There are around 20 cottages and 16 rented rooms available for those who wish to immerse themsleves in the life of real Javanese villagers. The village is set on a land 400 to 675 meters above sea level, called Delik Village, located some 40 kilometers from Semarang. Experience being part of a planters’ life and observe the interesting process taking place here.
Gedong Songo Temple
Ambarawa, at Bandungan district, also has a Hindu-Buddha temple complex called the Gedong Songo temples. Songo, meaning ‘nine’, is the number of temples at Gedong Songo that sit on the slope of Mount Ungaran, some 9 kilometers from the town’s center of Ambarawa. The temples and the surrounding mountains are in perfect harmony forming an inseparable part of the environment.
These temples were built by the Hindu Sanjaya dynasty in the 8th century, between 730 to 780 A.D. The historical timeline also shows that Ratu Shima or Queen Shimha was in power during their construction. She was known for her just and fair judgment and governance. She was a believer in the One God, Sang Hyang Widhi.

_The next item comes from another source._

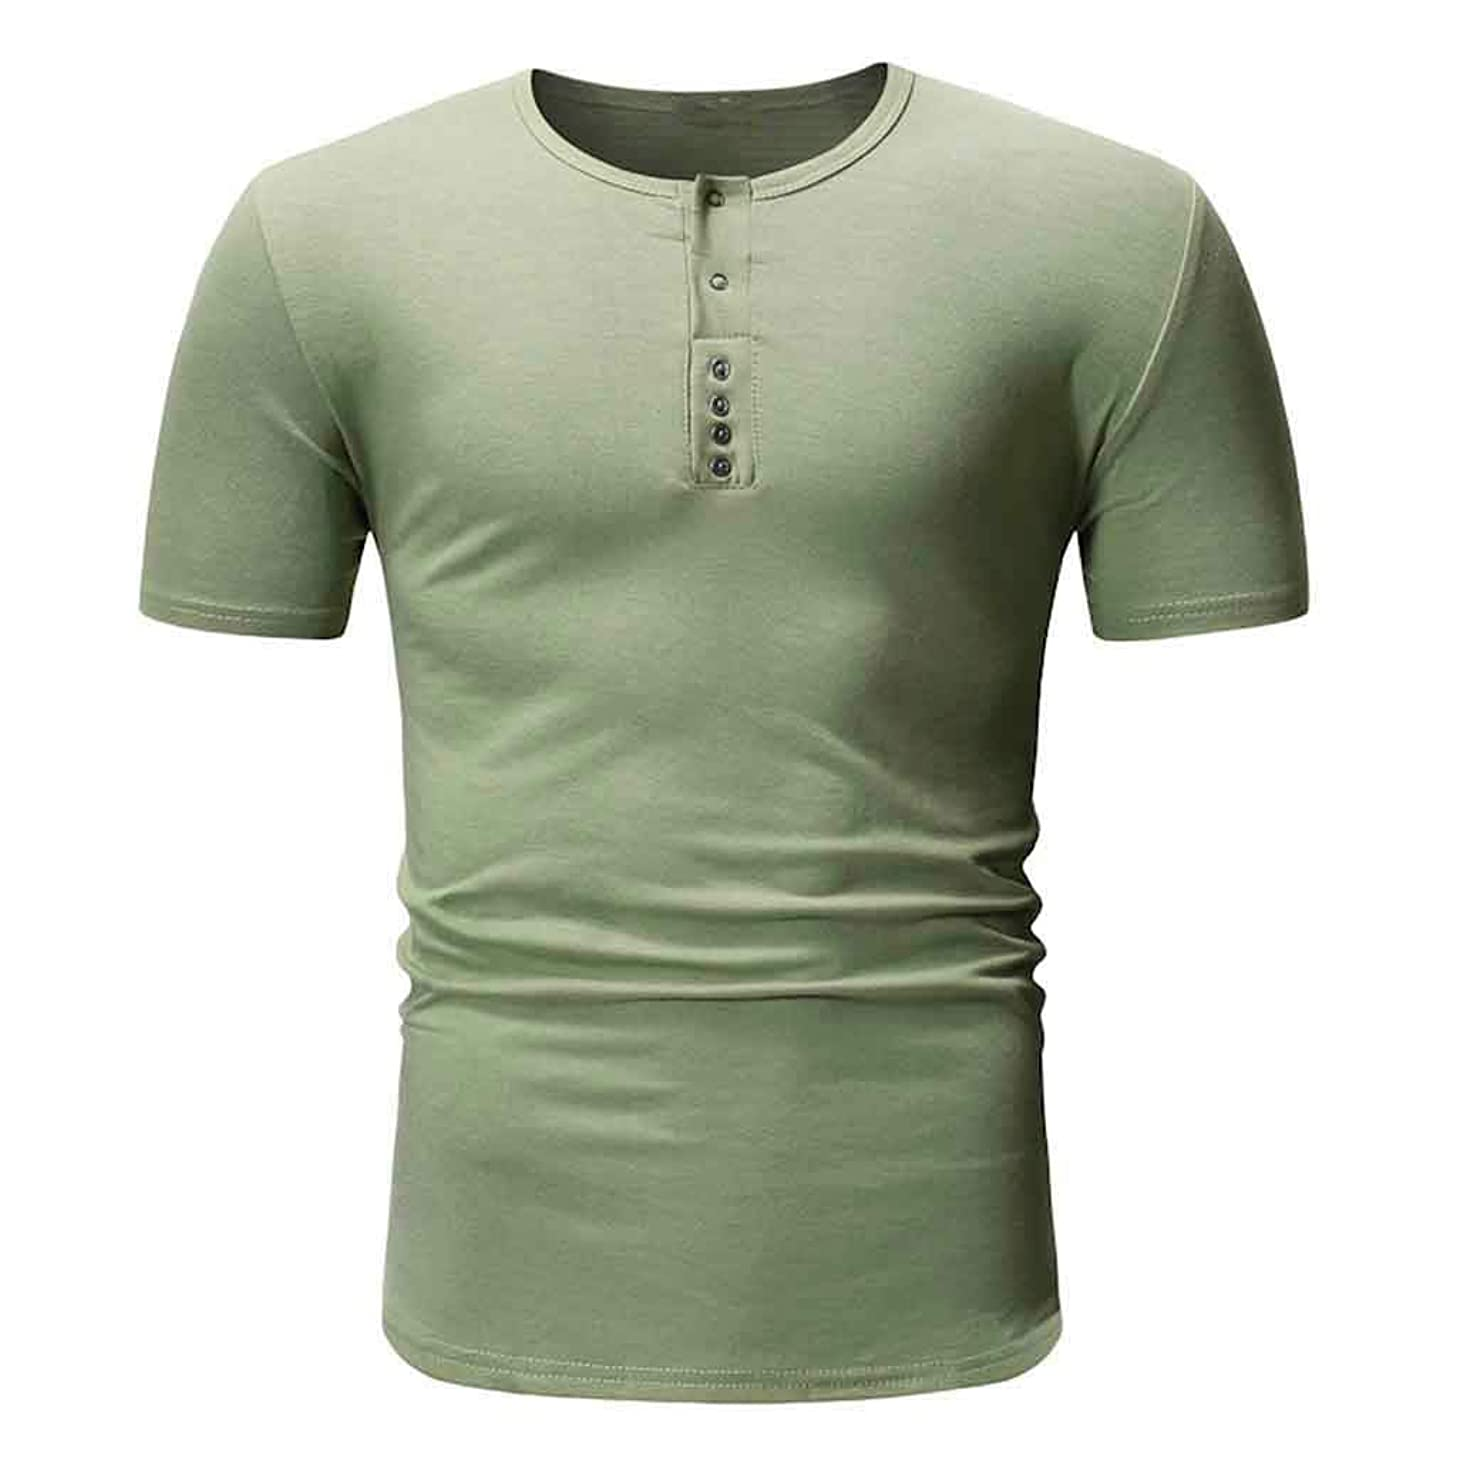 Mens Summer t Shirts Short Sleeve,Tronet Men Summer Fashion Short Sleeve T-Shirt Cotton Solid Tee Casual Top Blouse

According to this belief the human body has nine orifices that need to be controlled. The Javanese call this the Babahan Hawa Sanga, the nine openings in our body that, when wisely controlled, will lead to a peaceful life as its prize.
Rediscovered in 1804 under piles of earth and tropical vegetation by Sir Thomas Stamford Raffles, the temples are scattered in 5 main clusters, with the third being the largest. Each main cluster is dedicated to the god Shiva, although Brahma and Vishnu are present at several locations.
Take a horseback ride from Candi Village to the complex to experience its natural beauty. A horse ride is IDR 50,000 or cheaper when you can bargain well.
Other places of interest around Ambarawa are those related to Indonesia’s national struggle to reclaim the country from Japanese and Dutch occupation. They are the Isdiman Palagan Museum and the Willem II fort.
Ambarawa is around one and a half hour drive from Semarang, capital city of Central Java, or around two hours from Yogyakarta. Buses are available at the bus stations.
The bus terminal in Ambarawa is called Bawen Bus Terminal. If you are in Yogyakarta, go to Giwangan Bus Station, the largest type-A bus terminal in Indonesia. The bus to Ambarawa usually goes to Semarang. If you are in Semarang, proceed to the Terboyo Bus Terminal. Going to Ambarawa, the bus usually continues to Yogyakarta.
The recommended buses are: PO Safari Dharma Raya, Kramat Djati, and Nusantara.